TASK OBJECTIVE. If a record contains a picture, skip the picture and transcribe the rest exactly.

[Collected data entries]
□ □ □

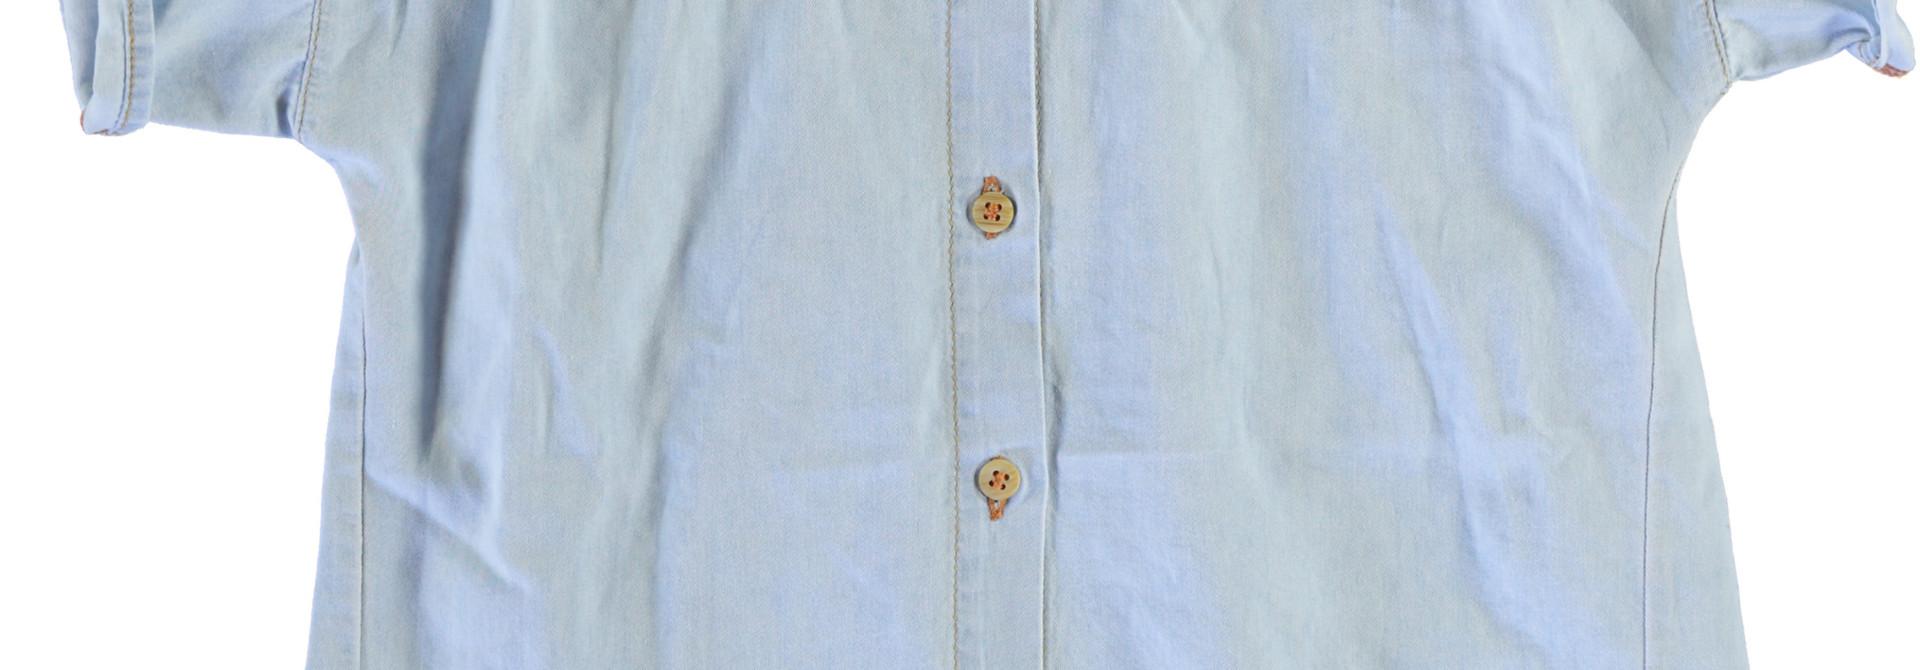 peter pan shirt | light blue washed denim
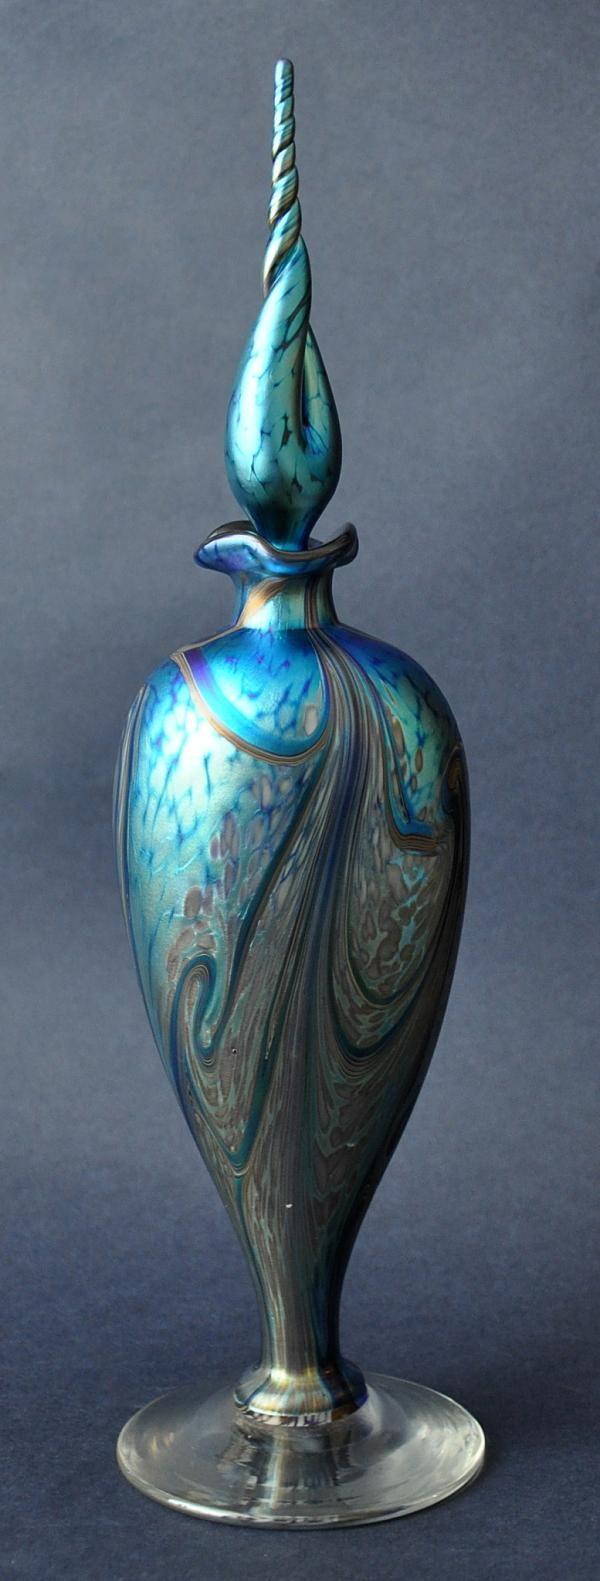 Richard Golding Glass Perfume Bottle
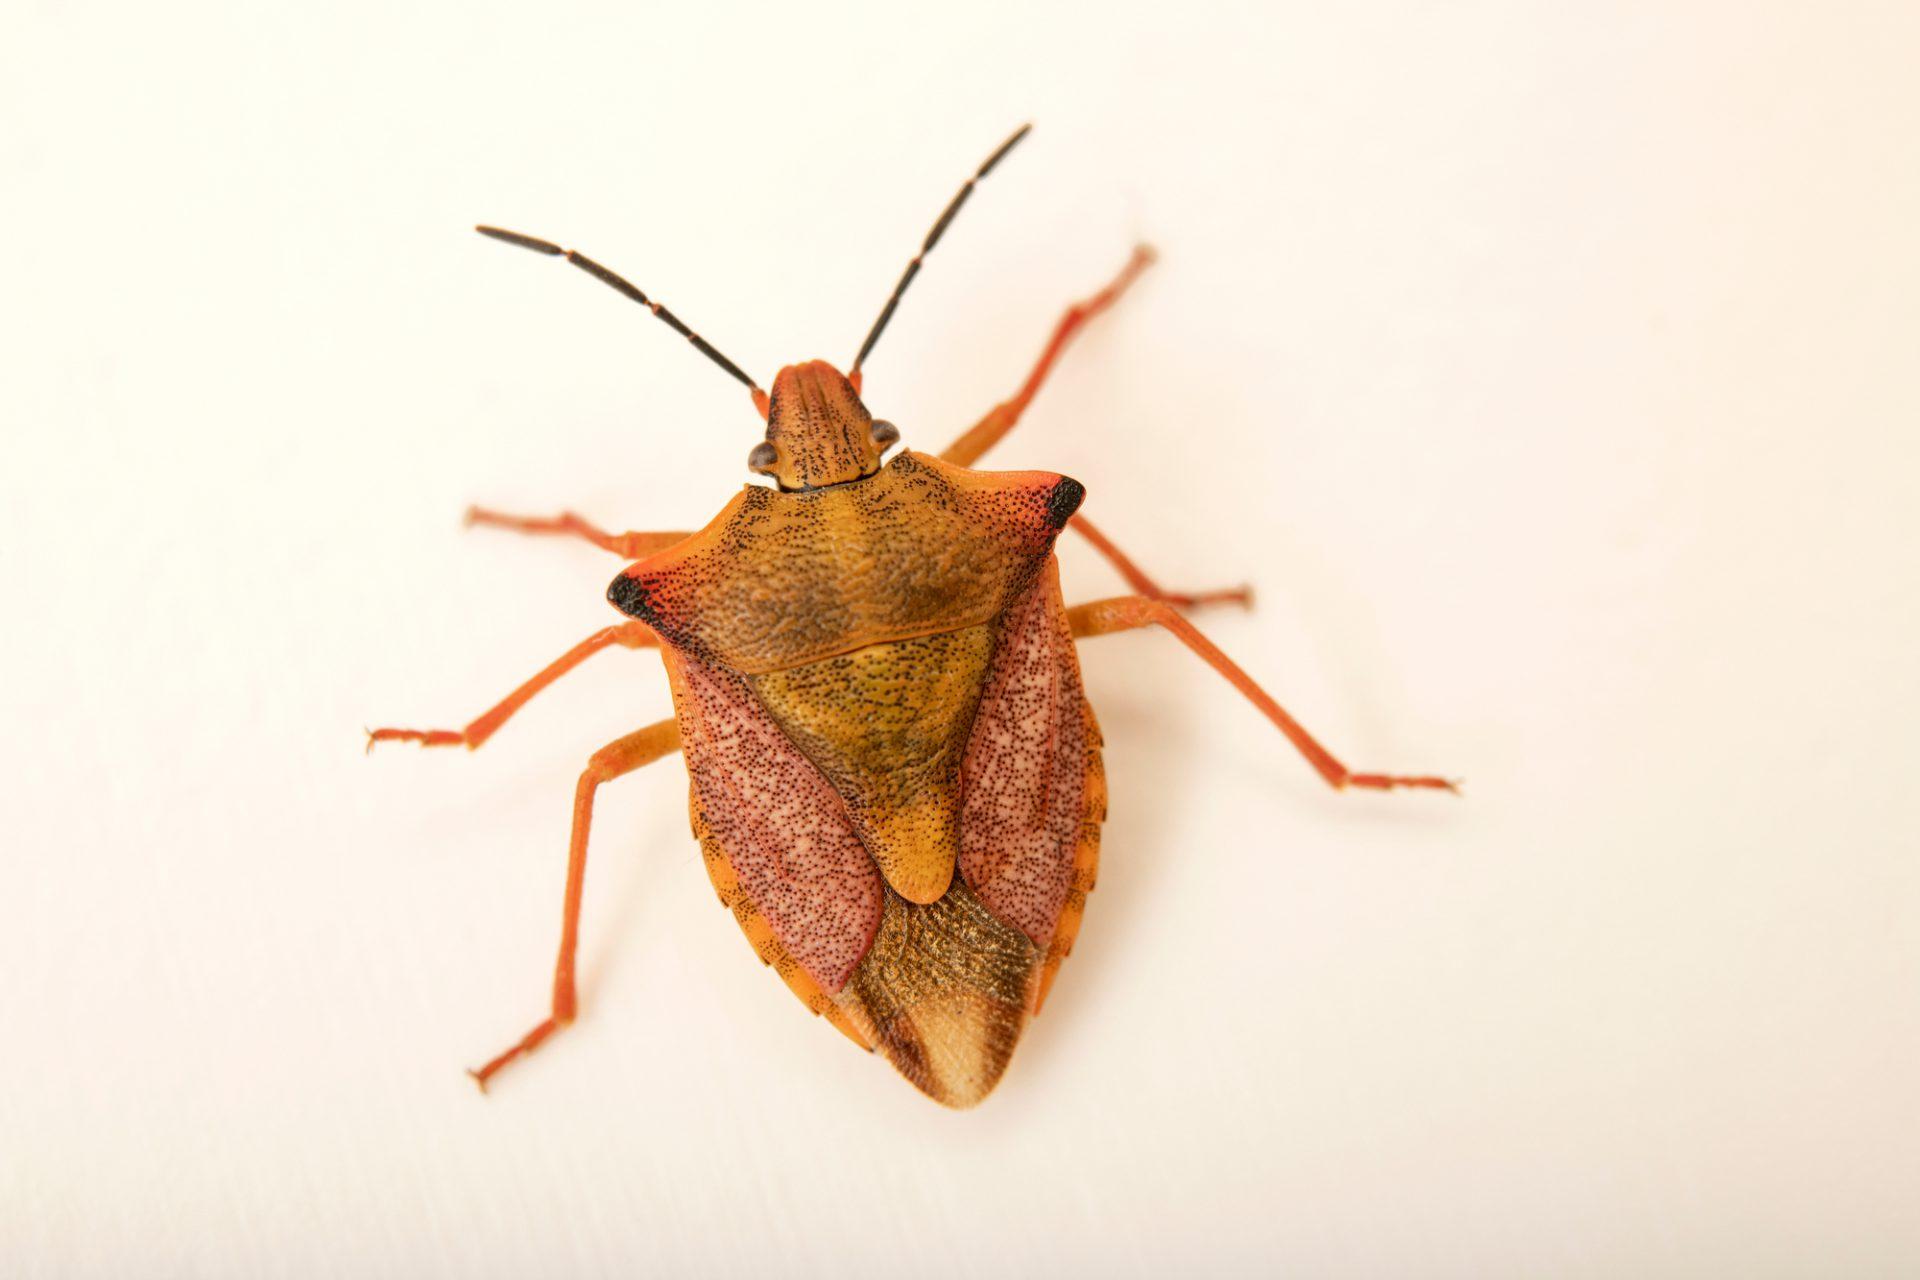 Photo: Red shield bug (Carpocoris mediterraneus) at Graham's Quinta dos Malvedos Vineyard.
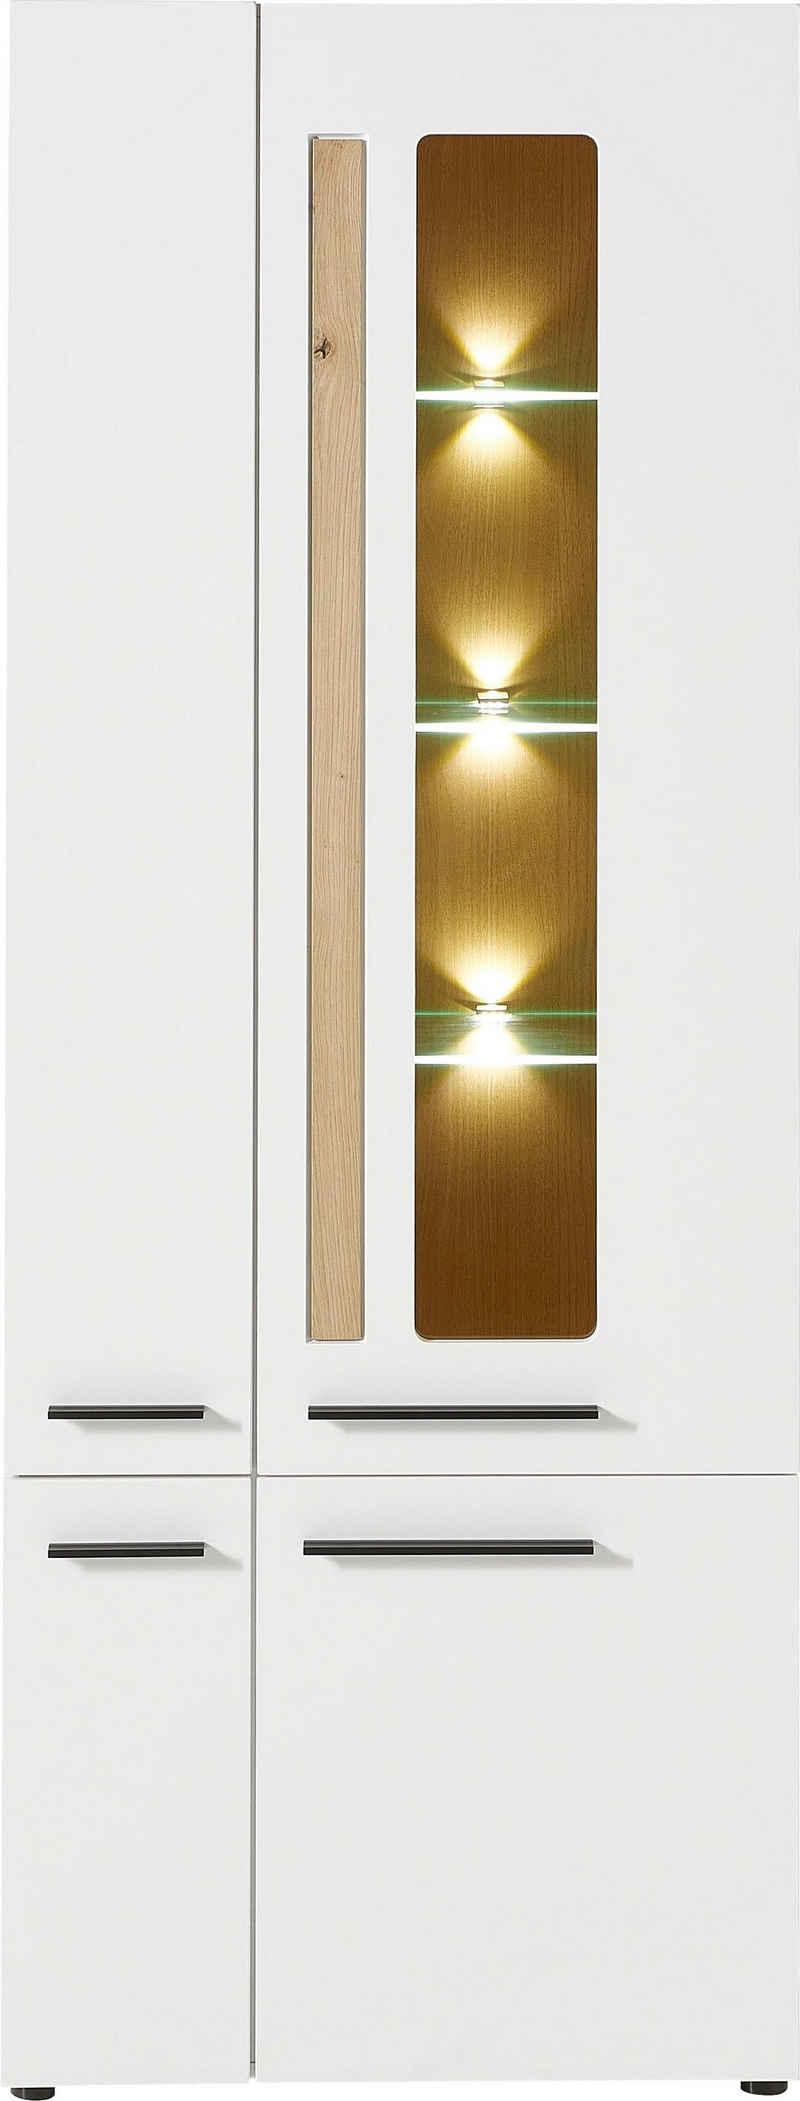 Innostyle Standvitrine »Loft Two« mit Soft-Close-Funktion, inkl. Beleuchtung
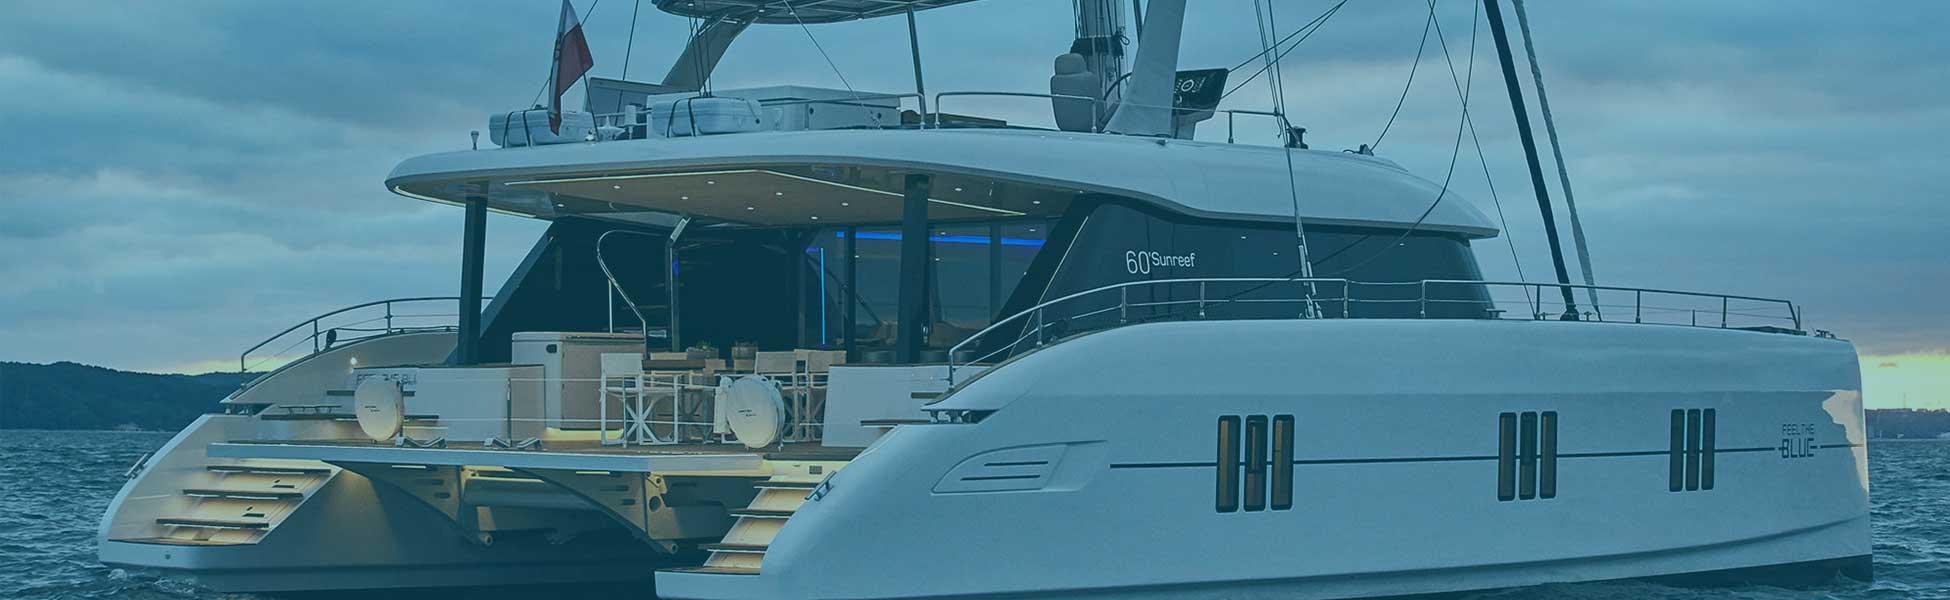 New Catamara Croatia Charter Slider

□ □ □

TASK ANSWER.
 peter pan shirt | light blue washed denim
 Richard Golding Glass Perfume Bottle
 Photo: Red shield bug (Carpocoris mediterraneus) at Graham's Quinta dos Malvedos Vineyard.
 Innostyle Standvitrine »Loft Two« mit Soft-Close-Funktion, inkl. Beleuchtung
 New Catamara Croatia Charter Slider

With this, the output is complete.